## Assigned task
Leaving out the images, repeat all the lines below exactly.

## Data excerpt
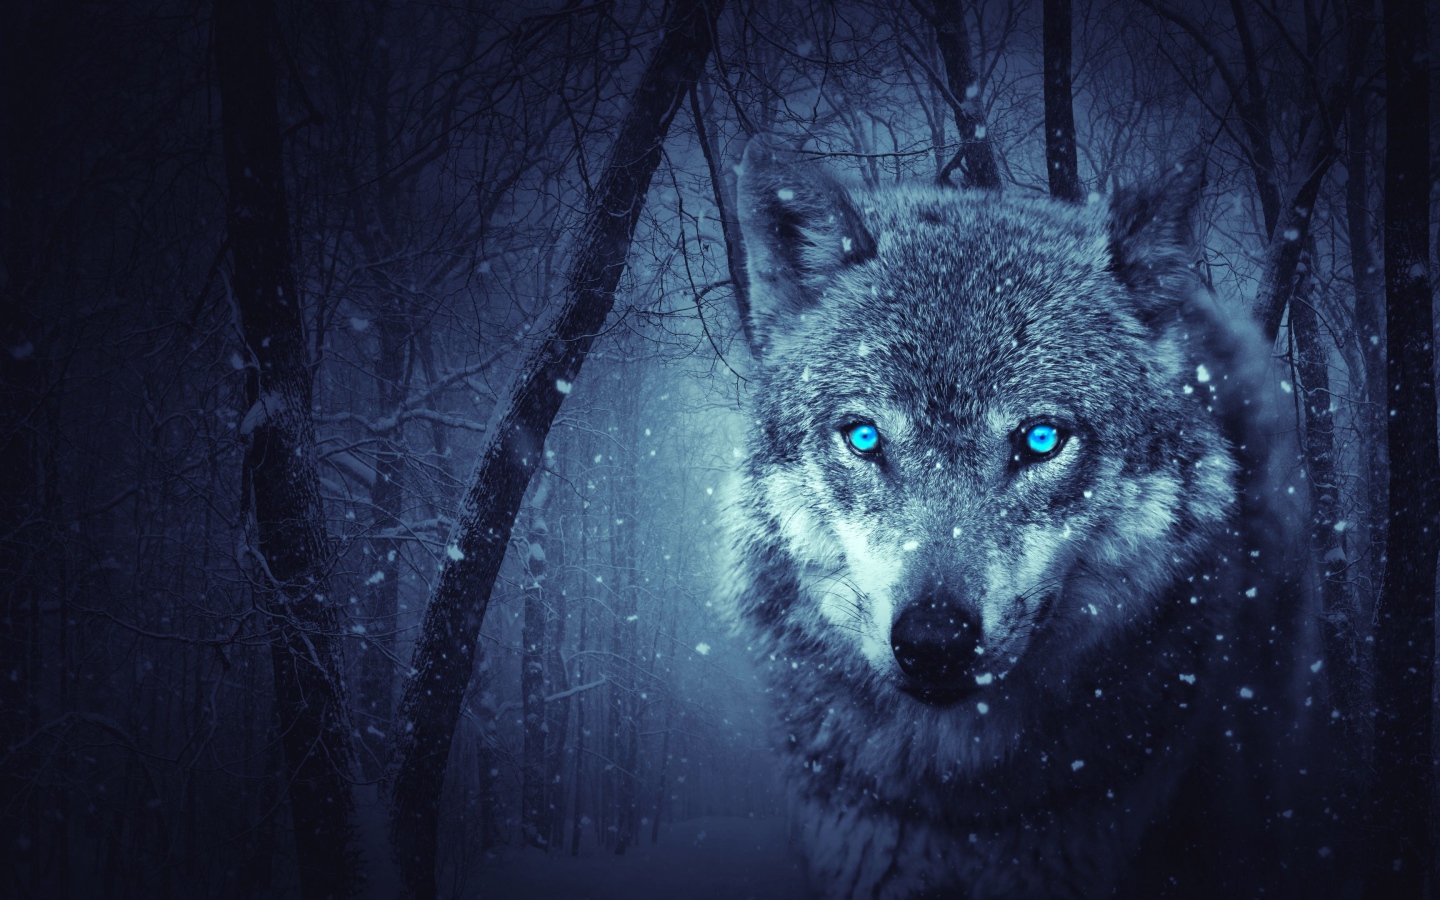 Gray wolf with blue eyes in a cold winter forest
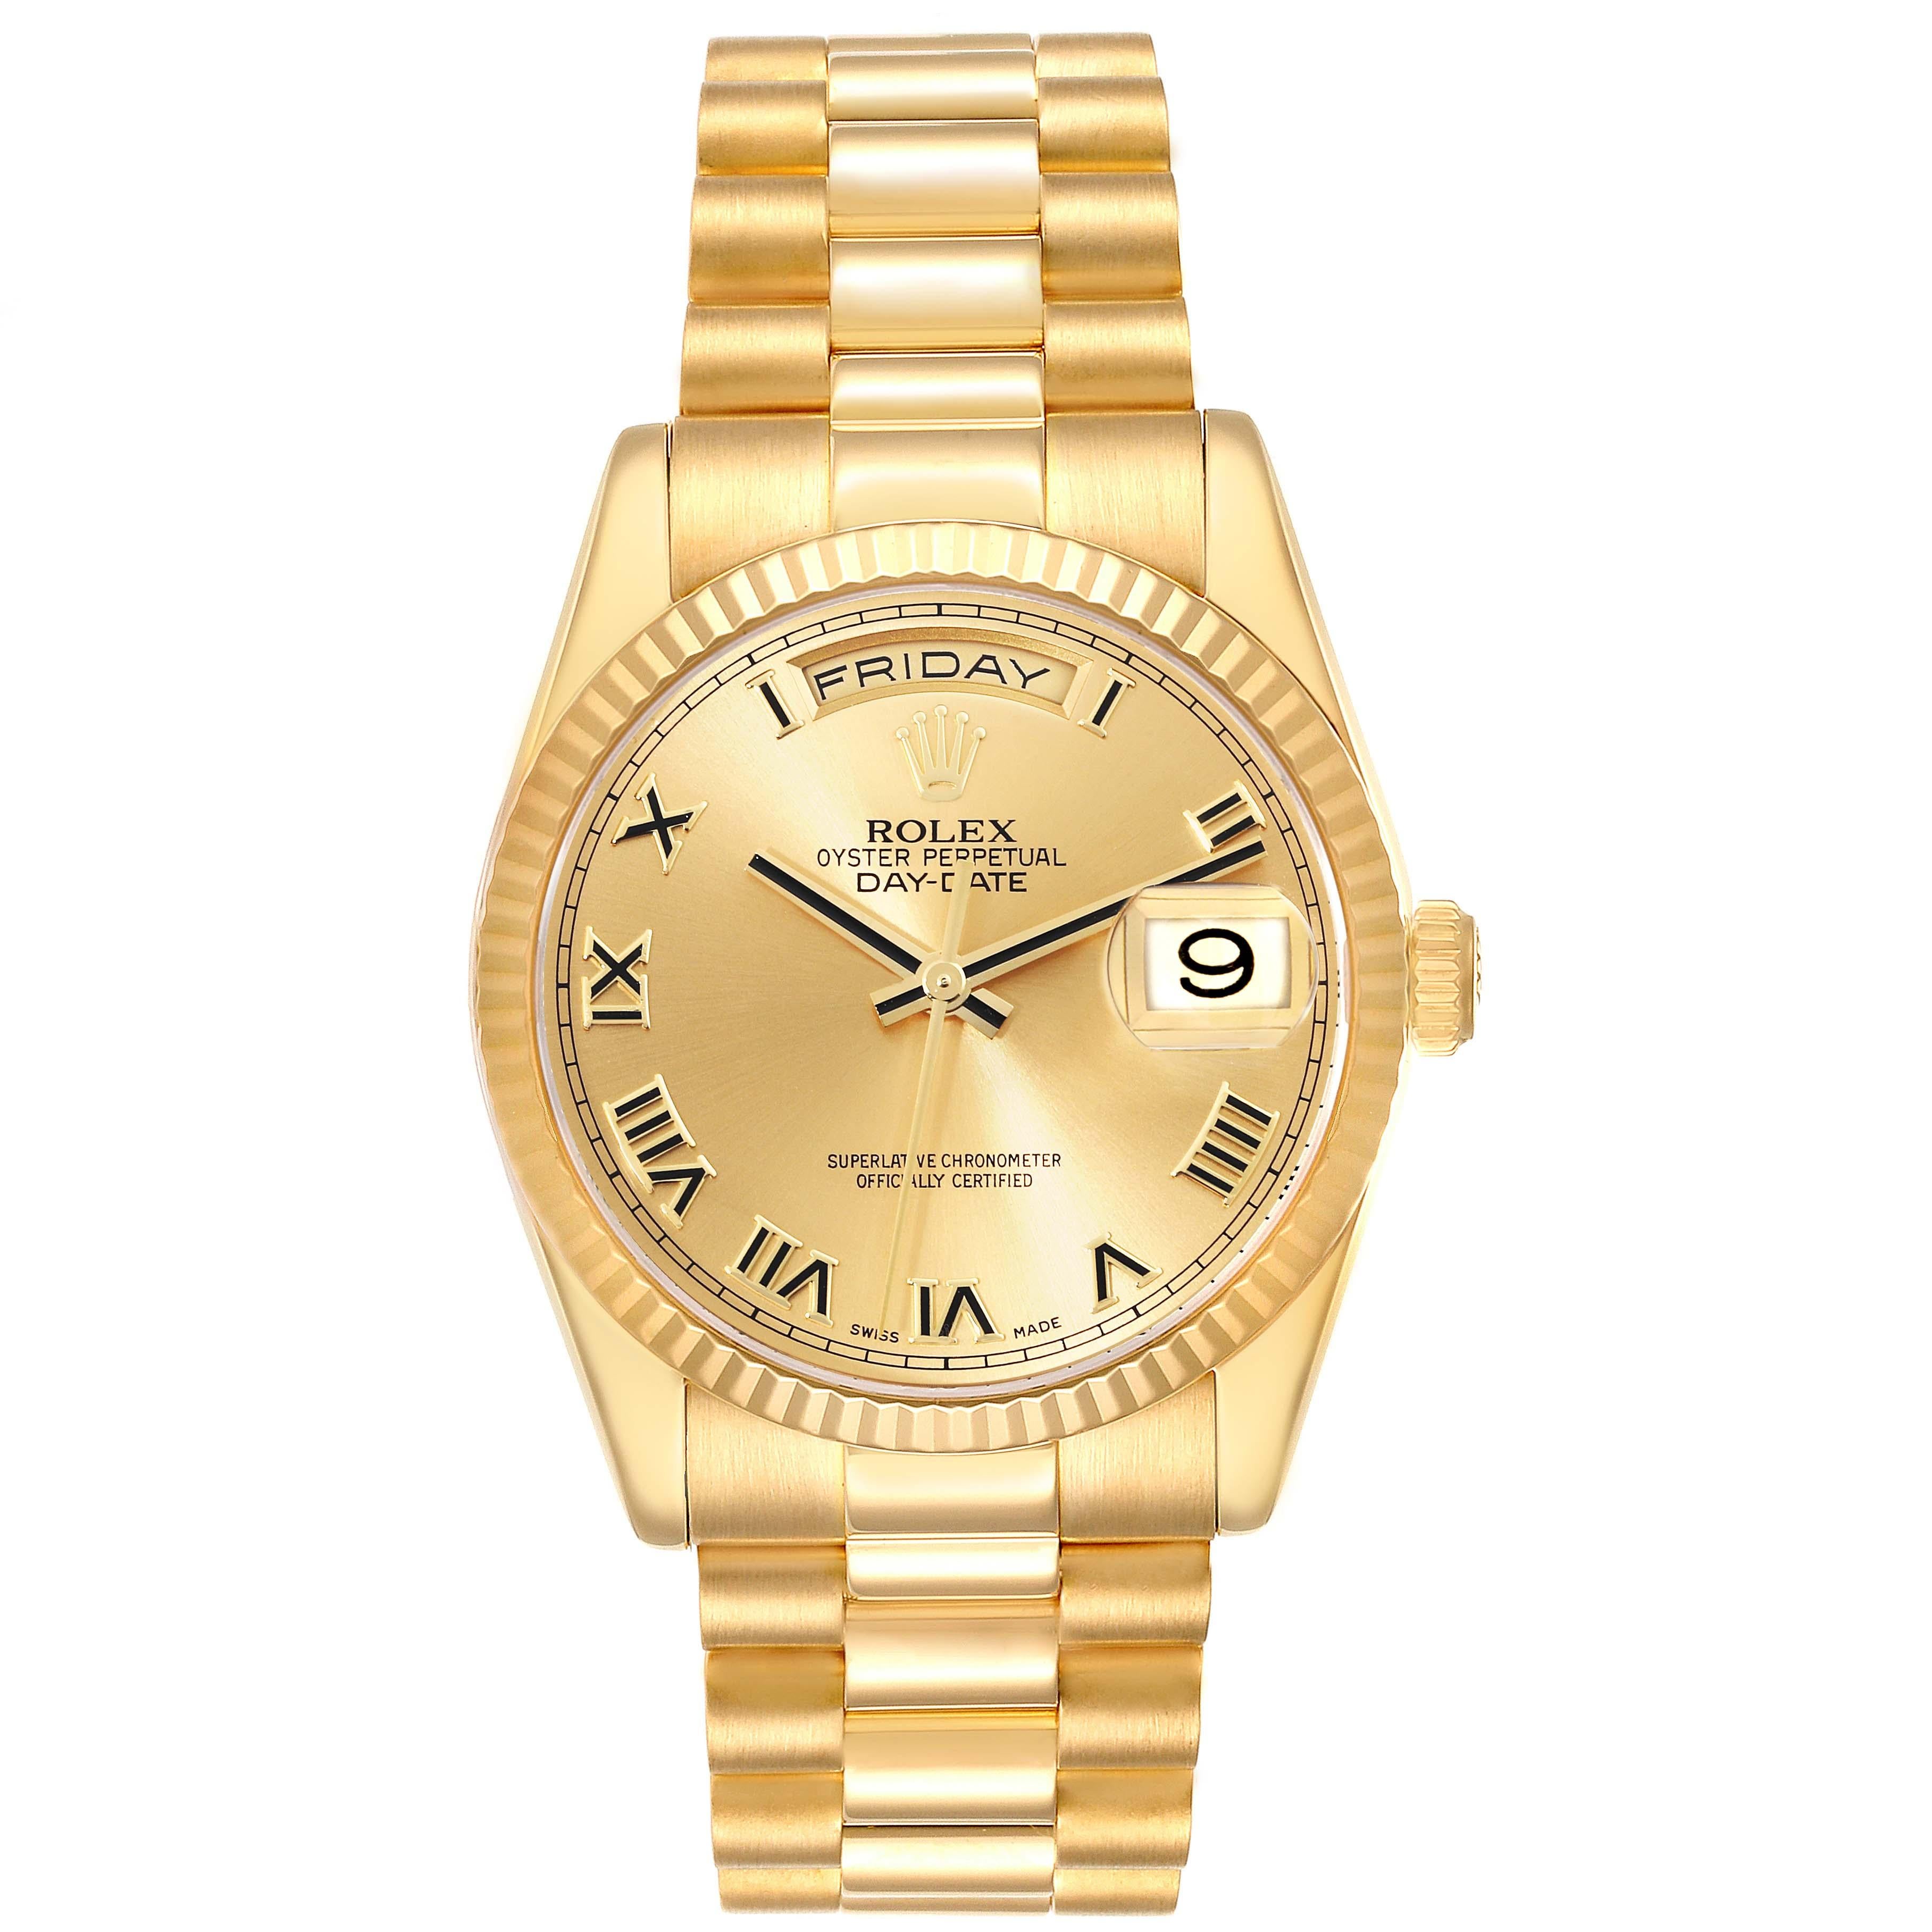 Rolex Day Date President Yellow Gold Champagne Dial Mens Watch 118238. Officially certified chronometer automatic self-winding movement. Double quick set function. 18k yellow gold oyster case 36.0 mm in diameter. Rolex logo on the crown. 18K yellow
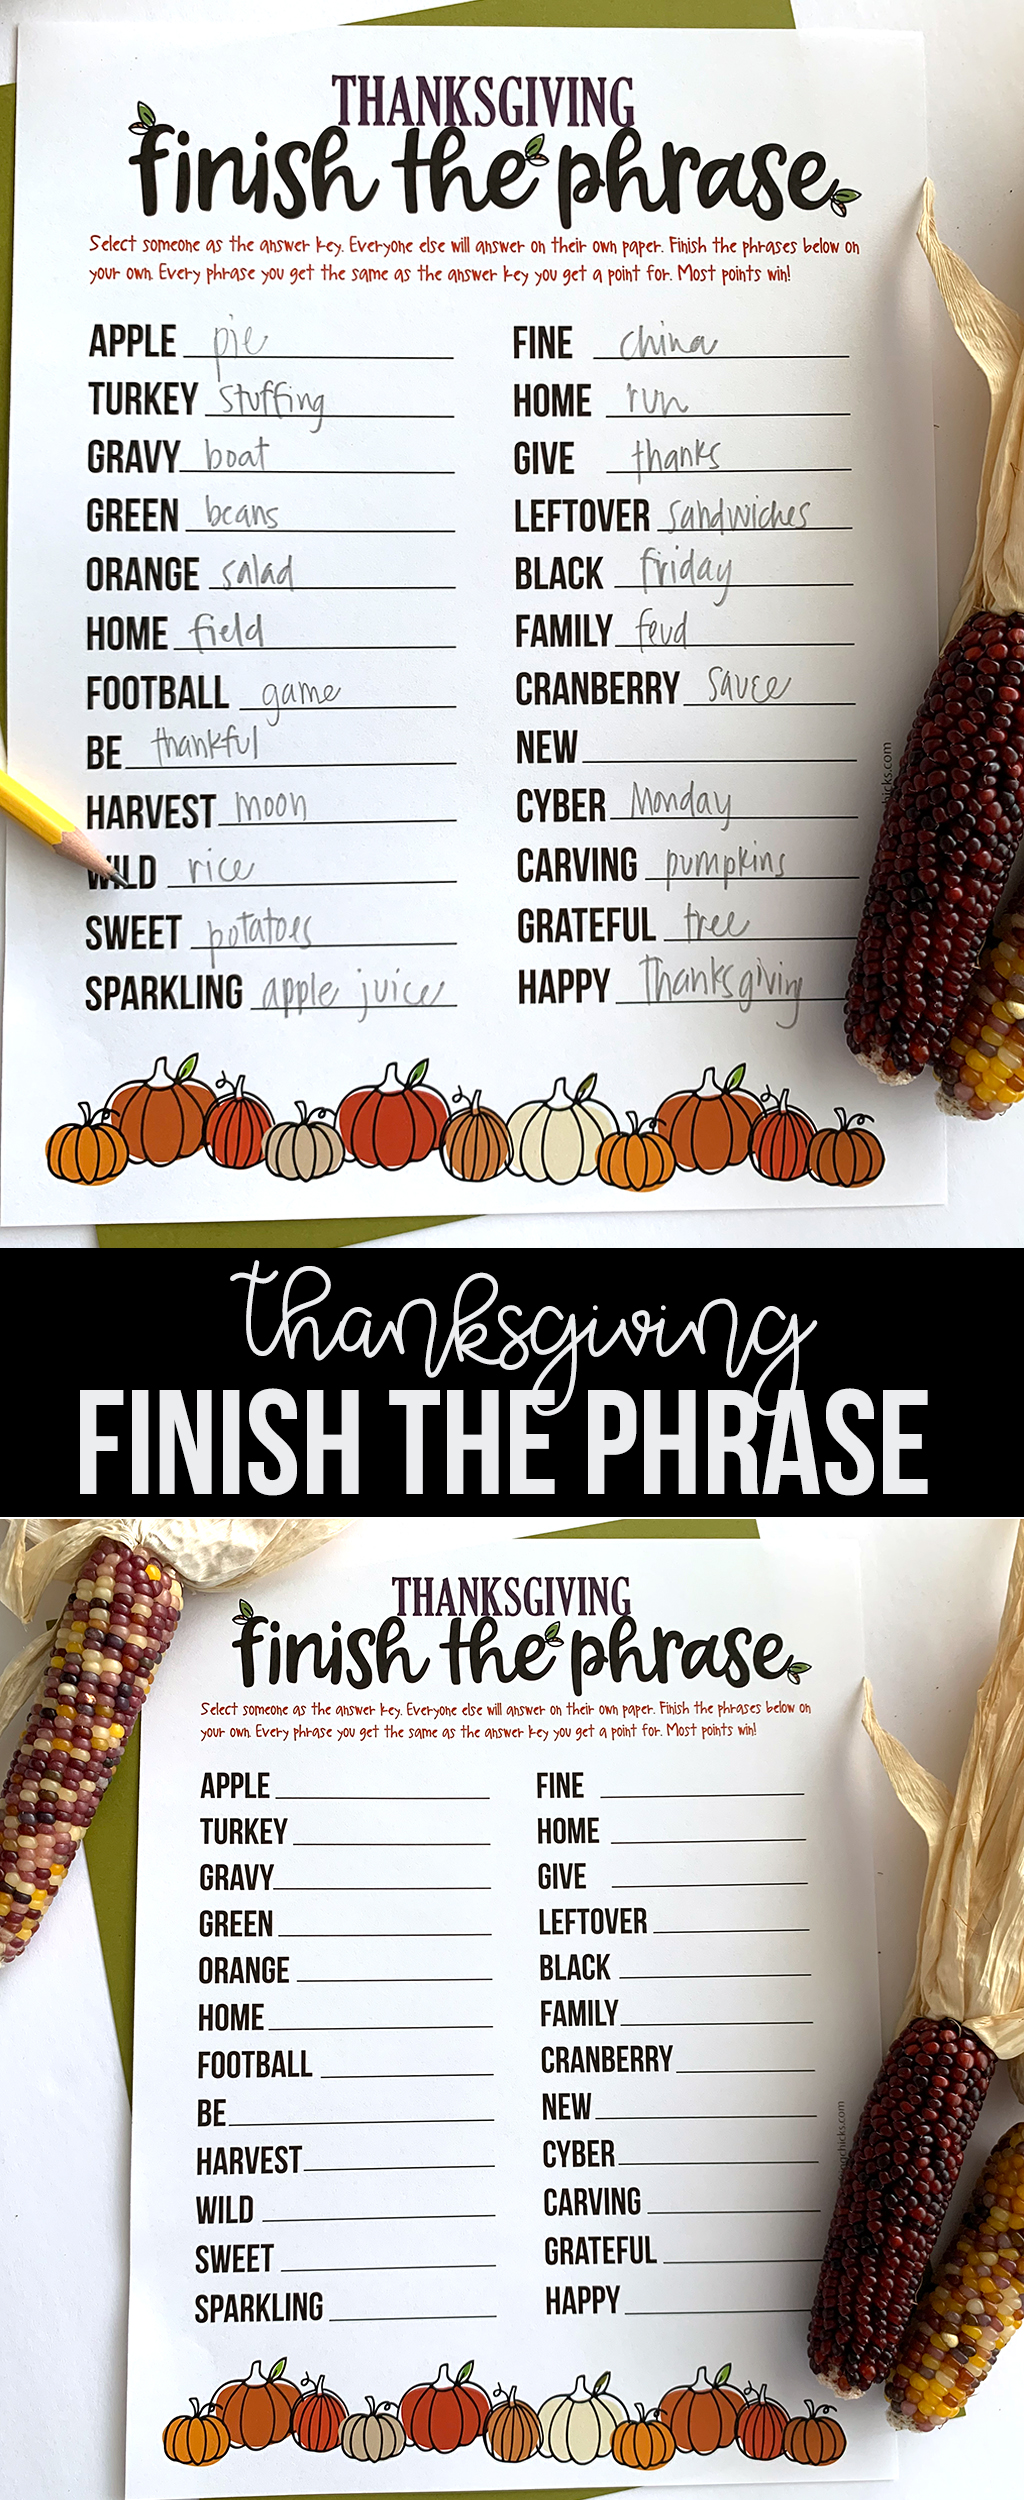 We love to play games around the Thanksgiving table. This Thanksgiving Finish the Phrase Printable is a big hit at our house. #thanksgiving #thanksgivinggames #thanksgivingprintable #thanksgivingprintablegames

## Worked solution
 Gray wolf with blue eyes in a cold winter forest
 Rolex Day Date President Yellow Gold Champagne Dial Mens Watch 118238. Officially certified chronometer automatic self-winding movement. Double quick set function. 18k yellow gold oyster case 36.0 mm in diameter. Rolex logo on the crown. 18K yellow
 We love to play games around the Thanksgiving table. This Thanksgiving Finish the Phrase Printable is a big hit at our house. #thanksgiving #thanksgivinggames #thanksgivingprintable #thanksgivingprintablegames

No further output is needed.